Abstract
Purpose :
This study aims to determine the patient's refractive error from the foveal pit's morphology using tridimensional modeling of the foveal pit and machine-learning algorithms.
Methods :
Eighty-five subjects (47 males and 38 females) with ages ranging from 18 to 27 were evaluated. We divided the study into three stages: (1) clinical, (2) extraction of the foveal pit morphology, and (3) machine-learning models. (1) The axial length (AL) and spherical equivalent (SE) of each participant were obtained with an IOL Master 700 and an autorefractometer.
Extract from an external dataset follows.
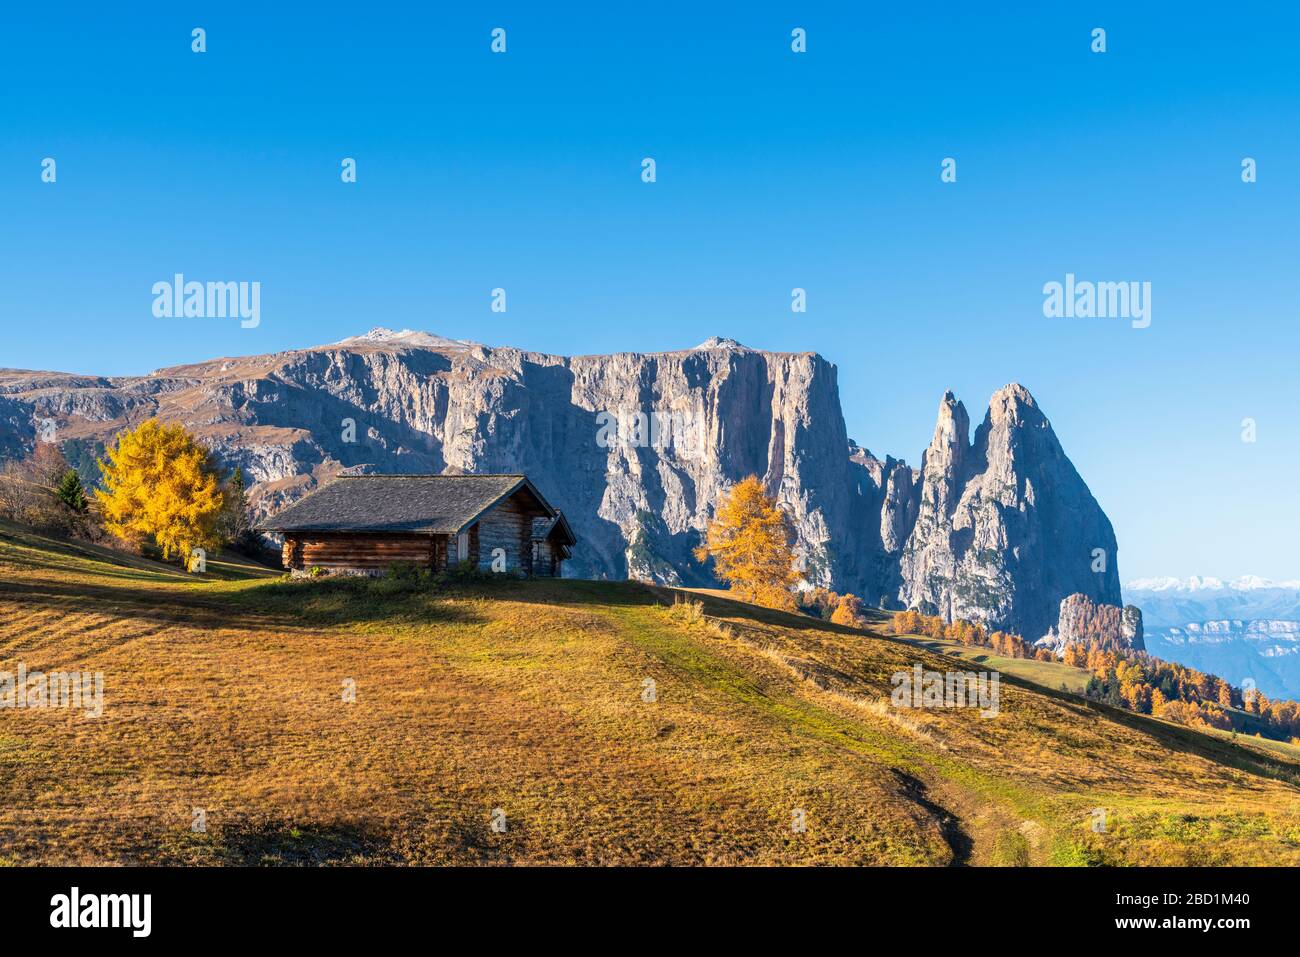 Traditional huts at Alpe di Siusi (Seiser Alm) in autumn with Sciliar peaks in background, Dolomites, South Tyrol, Italy, Europe Stock Photo

The spherical equivalent was also verified through wet retinoscopy. We classified the groups in terms of their mean axial length and spherical equivalent. (2) A 3D foveal pit model of each participant was obtained from images obtained with a Spectralis OCT (Heidelberg Engineering). We obtained three areas along with the pit: the rim, the mid, and the flat. The volume of the pit, the macula, and the retina were also calculated. (3) Then, we trained seven machine learning models: Artificial Neural Network (ANN), Classification and Regression Trees (CART), k-Nearest Neighbors (kNN), Linear Discriminant Analysis (LDA), Ordinal Logistic Regression (OLR), Support Vector Machines (SVM), and Random Forest (RF).
Results :
(1) The short-eye group has an average axial length of 22.5 mm (21.82/22.89 mm) and a spherical equivalent of +0.5 D (+0.25/+1.5 D), the emmetropic group has an average axial length of 23.62 mm (23.08/24.46 mm), and an average spherical equivalent of -0.25 D (-2.0/+1.25 D), and the long-eye group has 25.48 mm (24.7/26.60 mm) of axial length and -3.75 D (- 6.0/+0.5 D) of spherical equivalent. (2) We found that the rim's area presents the highest correlation with the refractive error of the patient. Mid and the flat areas are also good predictors of the patient's refractive status. Pit volumes showed a strong association with participants' refractive status. (3) The random Forest model shows the best performance with a predictive power of 77%.
Conclusions :
The random Forest model shows the best performance in predicting axial refractive errors. This model was able to properly classify 77% of the subjects in one of the three groups: short-eyes (21 mm axial length), normal-eyes (23 mm axial length), and long-eyes (25 mm axial length).
This is a 2021 ARVO Annual Meeting abstract.